Forgiveness does not mean that we condone negative behavior, nor do we just forget or ignore the hurt, but we can and need to let go of the anger. Forgiveness asks us to see beyond the limits of our personality or that of the person who injured us. In the act of forgiveness, we substitute compassion for blame, and we trust ourselves and G‑d that we have grown and will continue to grow from the pain and challenges we have experienced.

We can then gain insight into how the challenges and difficulties we have faced in the last year have supported our growth. As liberating as it is to forgive others, it is also important to love and forgive yourself.

6. A Month of Review and Evaluation

G-d Loves You - By Joy Krauthammer
G-d Loves You - By Joy Krauthammer

As the last month of the year, we naturally find ourselves reviewing, assessing and evaluating the accomplishments, challenges and shortcomings of the entire year. It’s the time to get in touch with the essence of what’s important in life. Many of us will be brought to new levels of appreciation for the personal relationships that have nourished us in this last year and the goals we were able to meet. Others of us will be more aware of unfinished business and the relationships that needed to heal so we can truly be open to the newness of the coming year.

7. Shofar: Waking Up to Change

Answer Me - By Devorah Weinberg
Answer Me - By Devorah Weinberg

Elul is a time of spiritual accounting. For those who have had a relatively easy year, it may be easier to come to terms with the past year. Those of us who have had a difficult year, we may become discouraged, feel burdened by setbacks and question our capacity for real change. Know that disappointment is natural at this time because it is a launching pad for the teshuvah experience. We are not really stuck; we just think that we are.
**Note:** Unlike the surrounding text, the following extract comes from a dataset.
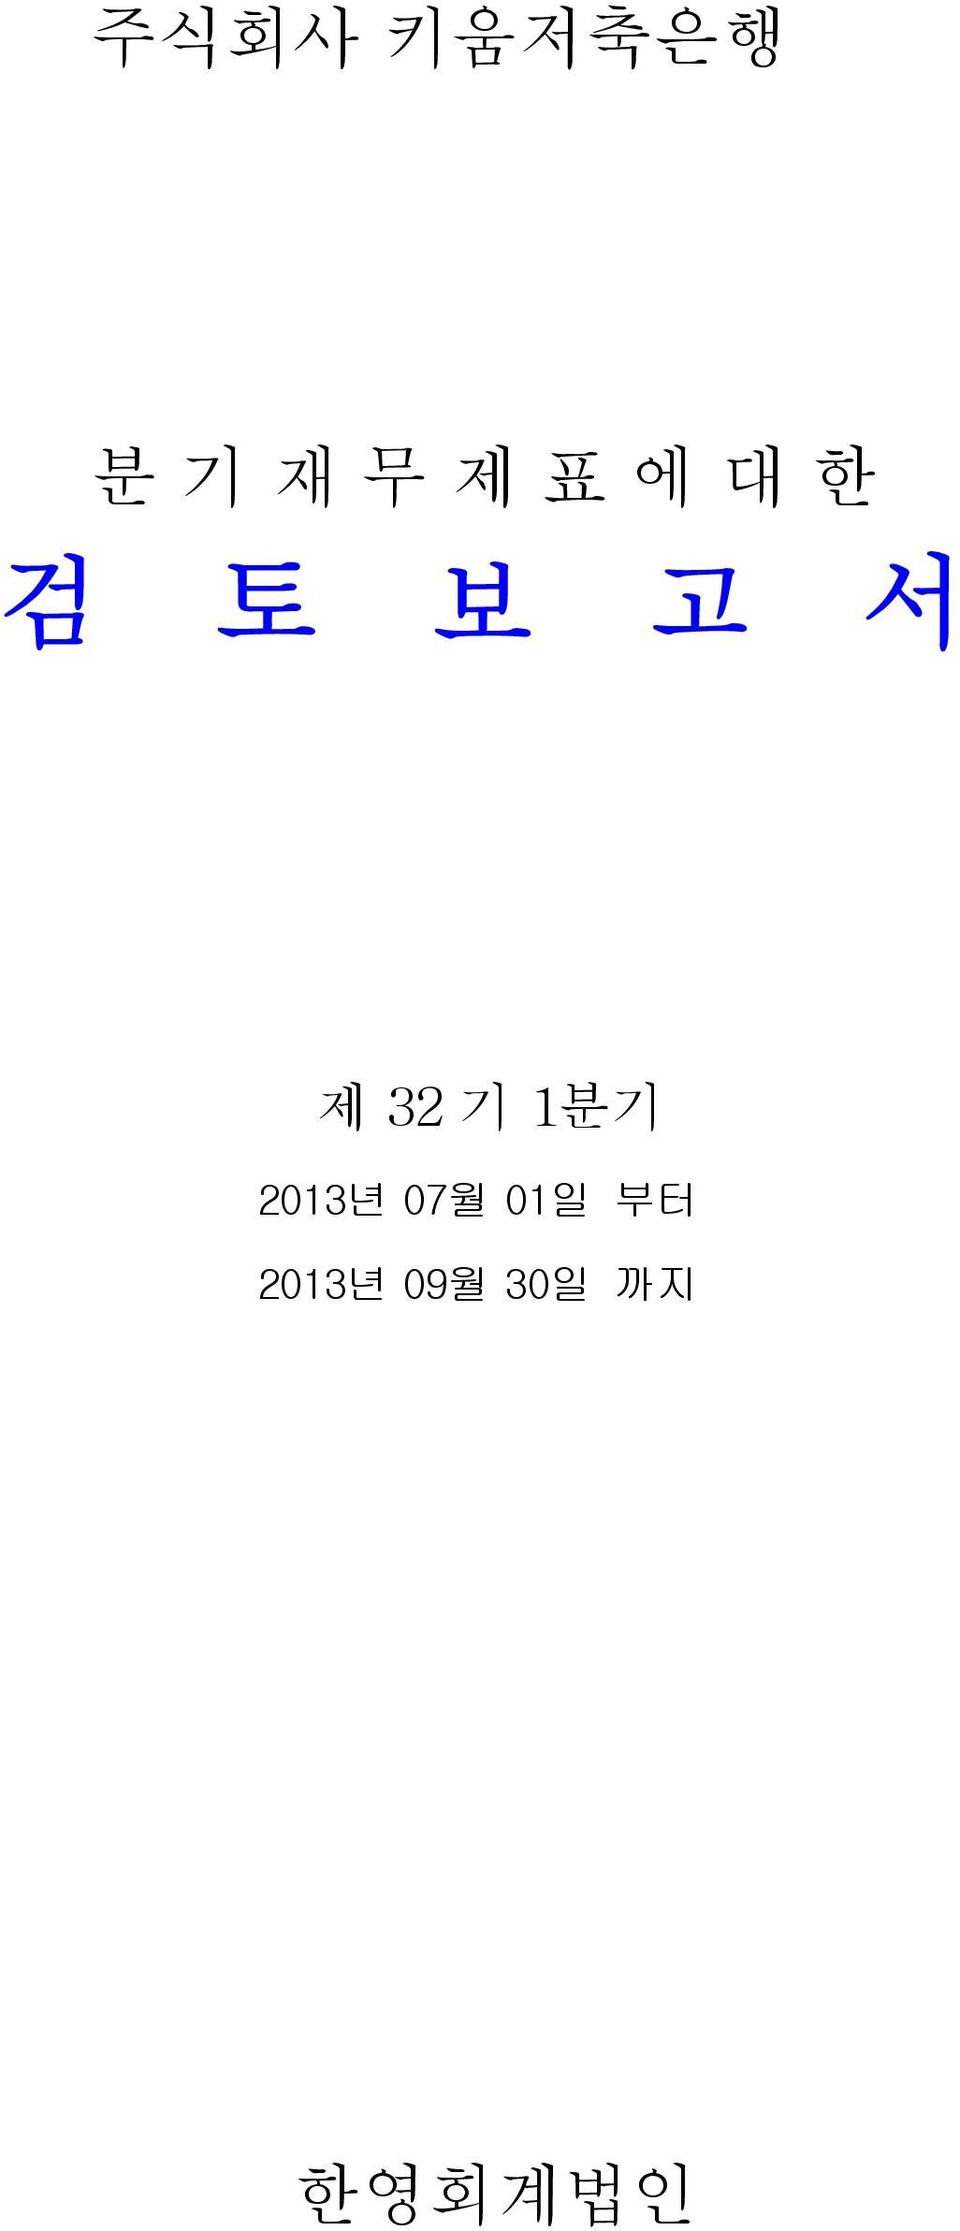 기 1분기 2013년 07월 01일 부터
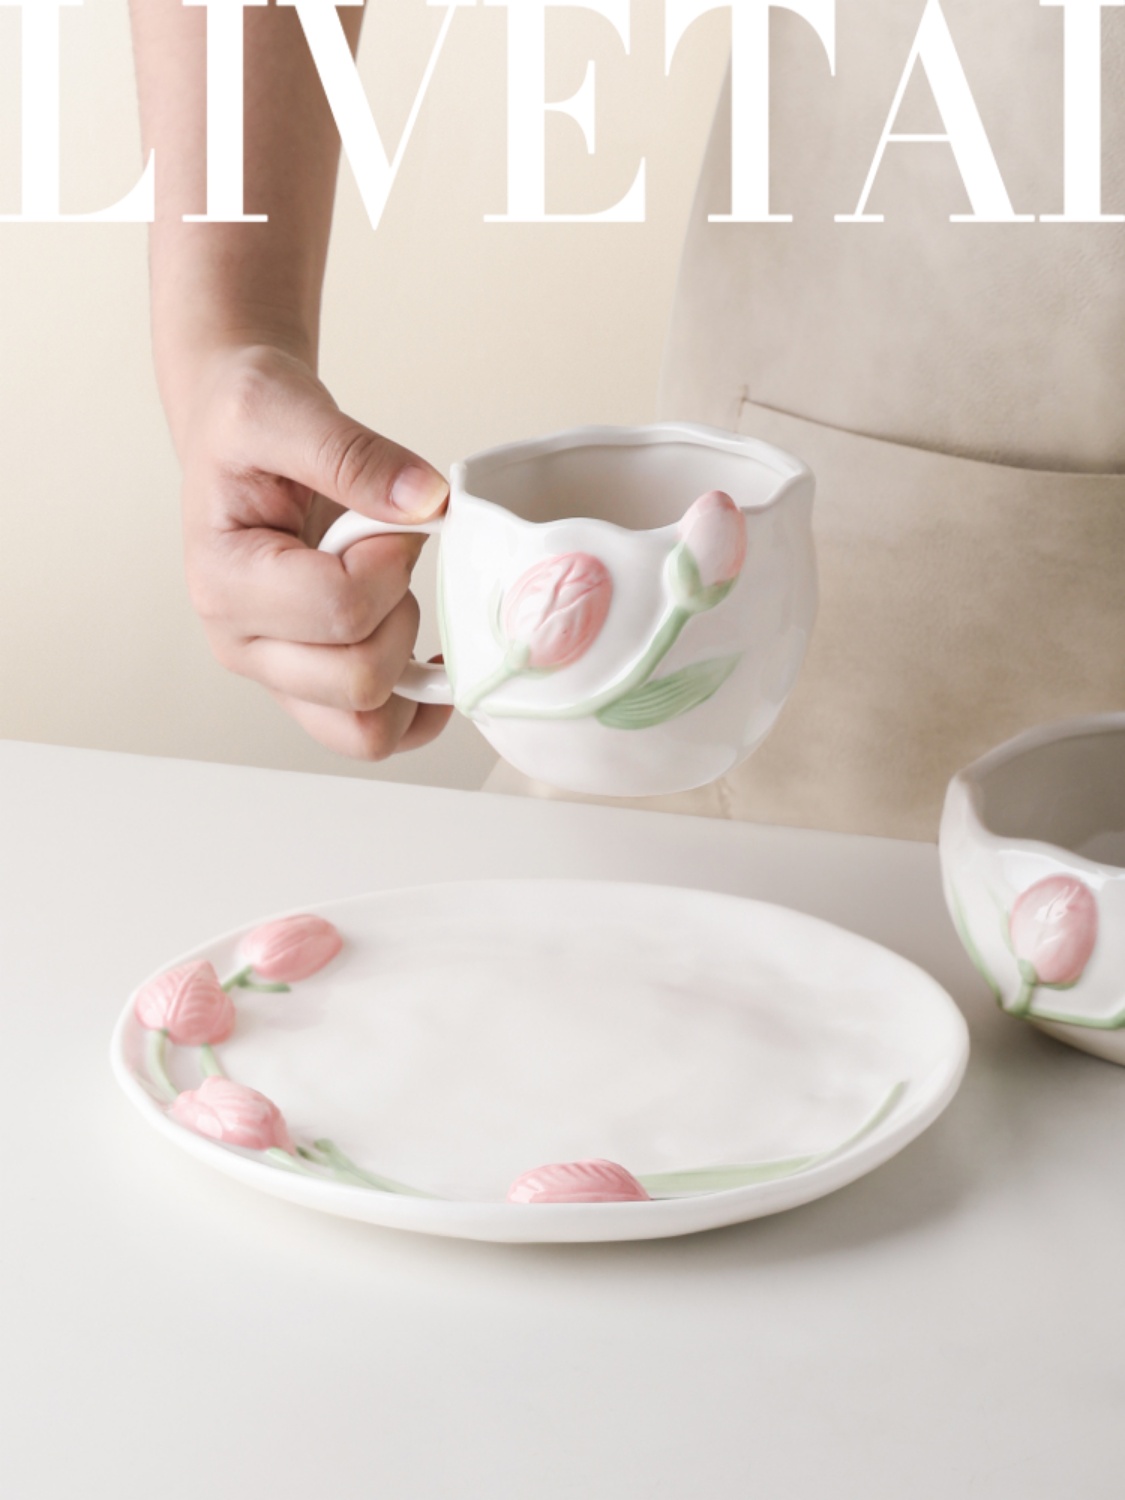 ins風鬱金香復古法式陶瓷餐盤早餐碗奶油色立體浮雕馬克杯歐式風格單個出售9英寸

We can change. We can become happier and better people.

The shofar is blown every day in Elul, except during Shabbat, in synagogues to wake us up—to remind us that we can change. This upcoming year can be truly amazing. When we call out sincerely to G‑d—when we pray, when we meditate, when we listen to the shofar in the deepest way—we can receive a unique heavenly grace this month that opens gates to the inner world of the beauty and G‑dliness of our own souls.

Chodesh Tov, and may we each be blessed with many such moments during this month of Elul.